[PATCH] Redesign jump threading profile updates

Teresa Johnson tejohnson@google.com
Tue Sep 30 18:20:00 GMT 2014

On Mon, Sep 29, 2014 at 9:33 PM, Jeff Law <law@redhat.com> wrote:
> On 09/29/14 08:19, Teresa Johnson wrote:
>>> Just an update - I found some good test cases by compiling the
>>> c-torture tests with profile feedback with and without my patch. But
>>> in the cases I pulled out I saw that there were still a couple profile
>>> or probability insanities introduced by jump threading (albeit far
>>> less than before), so I wanted to investigate before I commit. I ran
>>> out of time this week and will not get to this until I get back from
>>> vacation the week after next.
>> Hi Jeff,
>> I finally had a chance to get back to this and look at the remaining
>> insanities in the new test cases I created. It turns out that there
>> were still a few issues in the case where there were guessed
>> frequencies and no profile counts. The two test cases I created do use
>> FDO, and the insanities in the routines with profile counts went away
>> with my patch. But the outlined copies of routines that were also
>> inlined into the main routine still had estimated frequencies, and
>> these still had a few issues.
>> The problem is that the profile updates are done incrementally as we
>> walk and update the paths in ssa_fix_duplicate_block_edges, including
>> the block and edge counts, the block frequencies and the
>> probabilities. This is very difficult to do when only operating on
>> frequencies since the edge frequencies are derived from the source
>> block frequency and the probability. Therefore, once the source block
>> frequency is updated, the edge frequency is also affected, and it is
>> really difficult to figure out what the update to the edge frequency
>> (essentially the probability) is using the same incremental update
>> approach. I was attempting to handle this with the routine
>> deduce_freq, for example, but this turned out to have issues for
>> certain types of paths.

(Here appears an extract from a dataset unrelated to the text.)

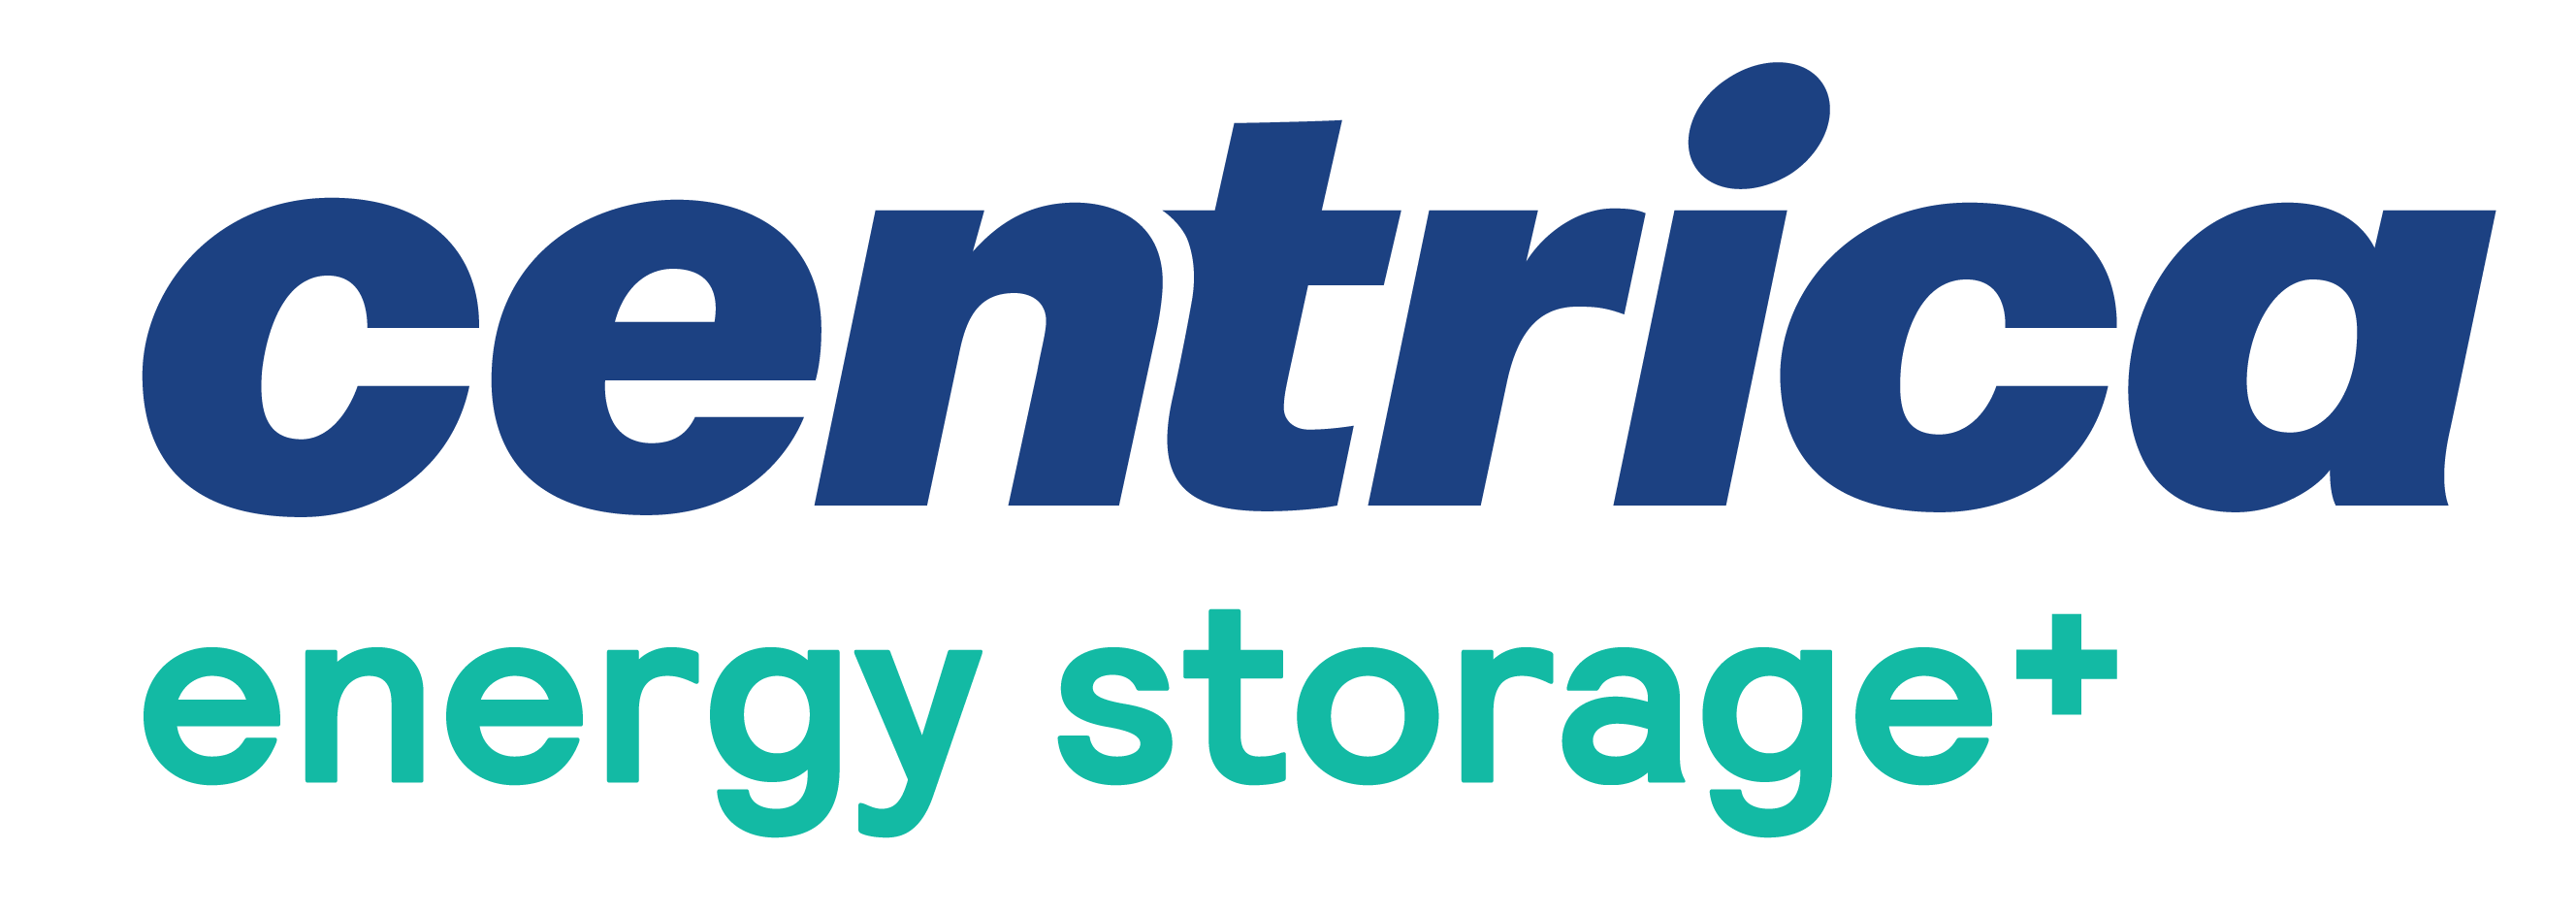 centrica Energy storage+ logo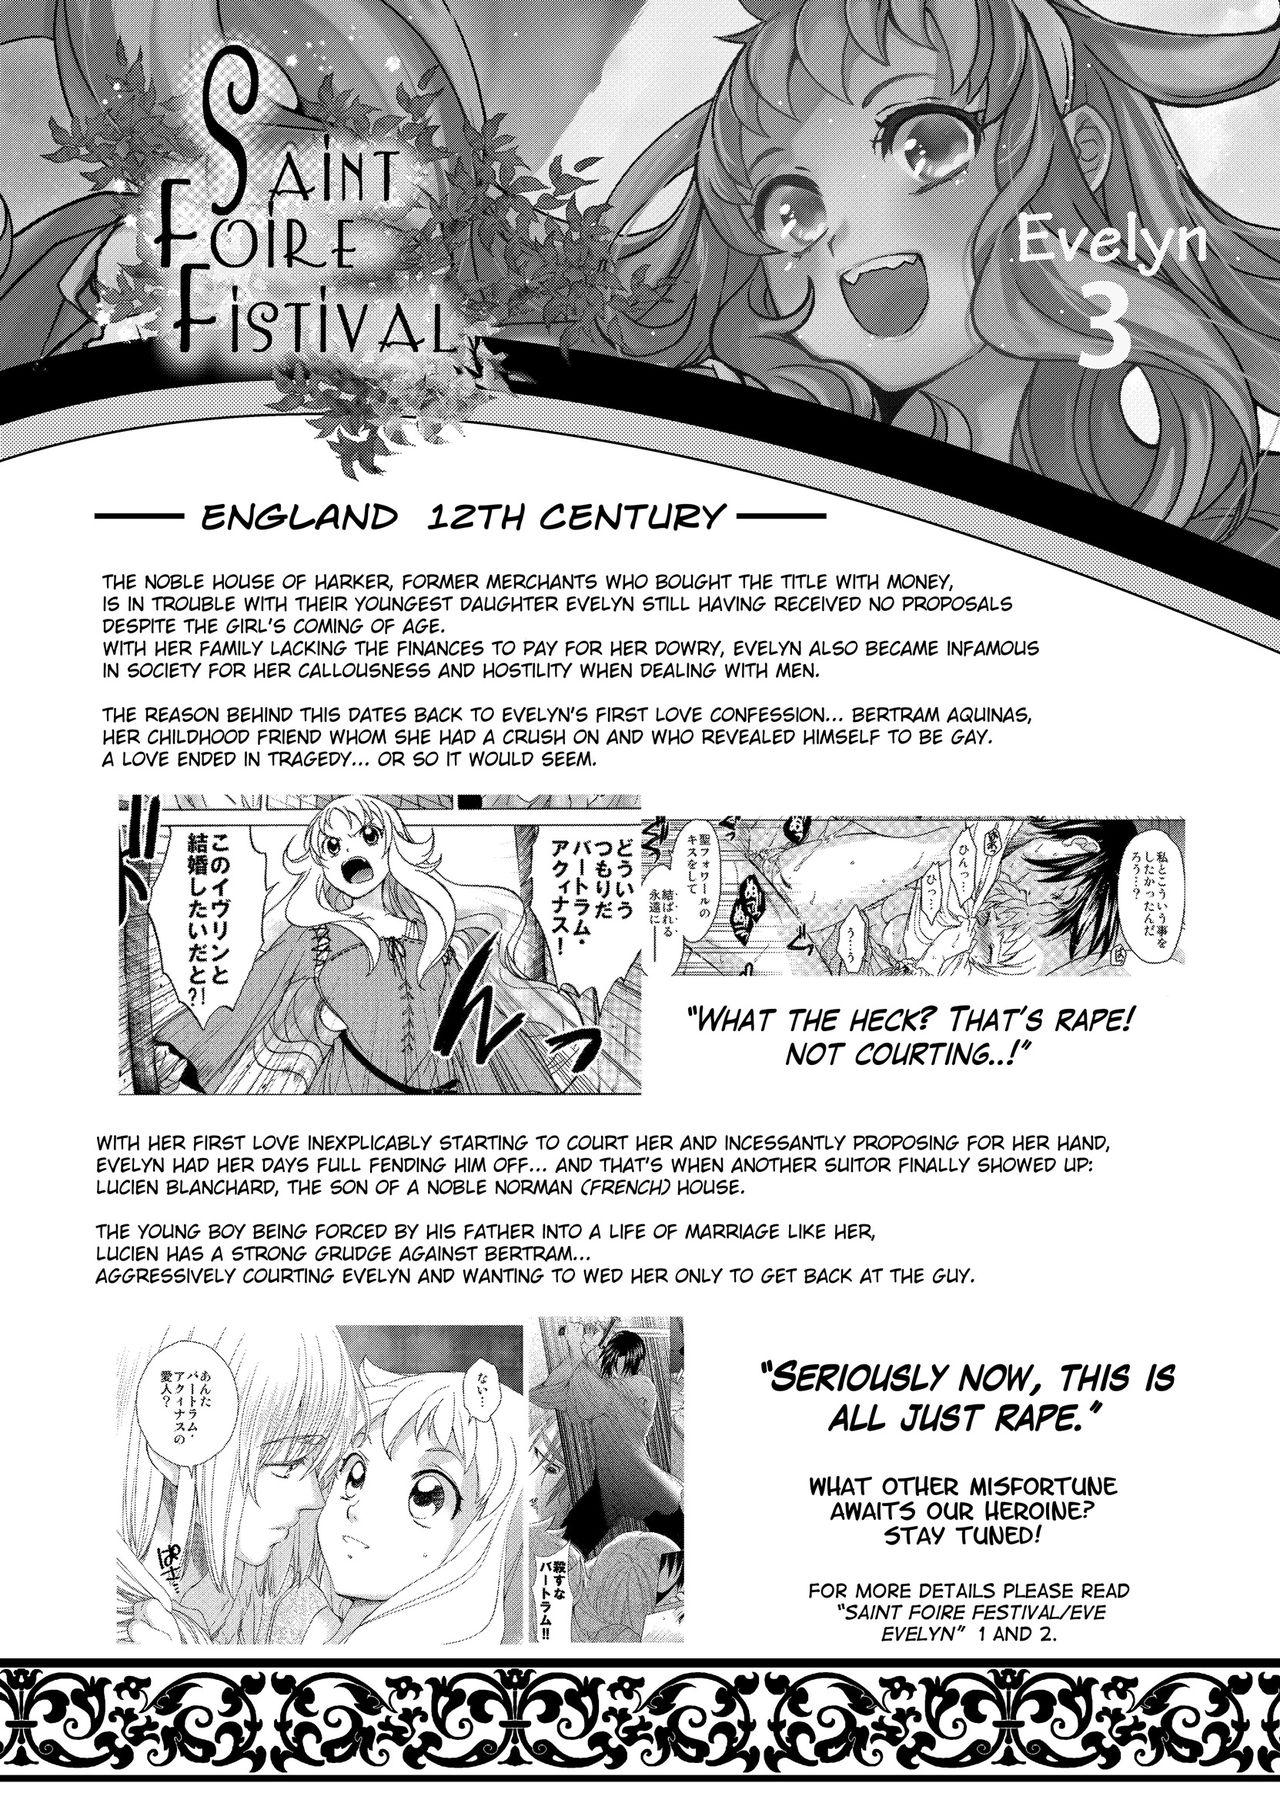 Por Saint Foire Festival/eve Evelyn:3 - Original Cum Eating - Page 4

I tried a few other approaches, but they start
>> looking really ugly and I didn't want to add a parallel but different
>> algorithm in the case of no profile counts.
>> So by far the simplest approach was simply to take a snapshot of the
>> existing block and edge frequencies along the path before we start the
>> updates in ssa_fix_duplicate_block_edges, by copying them into the
>> profile count fields of those blocks and edges. Then the existing
>> algorithm operates the same as when we do have counts, and can
>> essentially operate incrementally on the edge frequencies since they
>> live in the count field of the edge and are no longer affected anytime
>> the source block is updated. Since the algorithm does update block
>> frequencies and probabilities as well (based on the count updates
>> performed), we can simply clear out these fake count fields at the end
>> of ssa_fix_duplicate_block_edges. This takes care of the remaining
>> insanities introduced by jump threading from these test cases. During
>> testing I also added in some checking to ensure that the count fields
>> for the whole routine were cleared properly to make sure the new
>> clear_counts_path was not missing anything (checking is a little too
>> heavyweight to add in normally).
>> New patch below (also attached since my mailer sometimes eats spaces).
>> The differences between the old patch and the new one:
>> - removed deduce_freq (which was my least favorite part of the patch
>> anyway!), and its call from recompute_probabilities, since it is no
>> longer necessary.
>> - two new routines freqs_to_counts_path and clear_counts_path, invoked
>> from ssa_fix_duplicate_block_edges.
>> - two new tests
>> Bootstrapped and tested on x86_64-unknown-linux-gnu, ok for trunk?
>> Thanks,
>> Teresa
>> gcc:
>> 2014-09-29  Teresa Johnson  <tejohnson@google.com>
>>          * tree-ssa-threadupdate.c (struct ssa_local_info_t): New
>>          duplicate_blocks bitmap.
>>          (remove_ctrl_stmt_and_useless_edges): Ditto.
>>          (create_block_for_threading): Ditto.
>>          (compute_path_counts): New function.
>>          (update_profile): Ditto.
>>          (recompute_probabilities): Ditto.
>>          (update_joiner_offpath_counts): Ditto.
>>          (freqs_to_counts_path): Ditto.
>>          (clear_counts_path): Ditto.
>>          (ssa_fix_duplicate_block_edges): Update profile info.
>>          (ssa_create_duplicates): Pass new parameter.
>>          (ssa_redirect_edges): Remove old profile update.
>>          (thread_block_1): New duplicate_blocks bitmap,
>>          remove old profile update.
>>          (thread_single_edge): Pass new parameter.
>> gcc/testsuite:
>> 2014-09-29  Teresa Johnson  <tejohnson@google.com>
>>          * testsuite/gcc.dg/tree-prof/20050826-2.c: New test.
>>          * testsuite/gcc.dg/tree-prof/cmpsf-1.c: Ditto.
> Given I'd already been through this pretty thoroughly, I just gave this a
> cursory review.
> clear_counts_path needs a function comment.  It's pretty obvious what it's
> doing, but for completeness let's go ahead and get the obvious comment in
> there.

Done and committed as r215739.


> With that fix, approved for the trunk.  Thanks for taking the time to sort
> out all these issues.
> jeff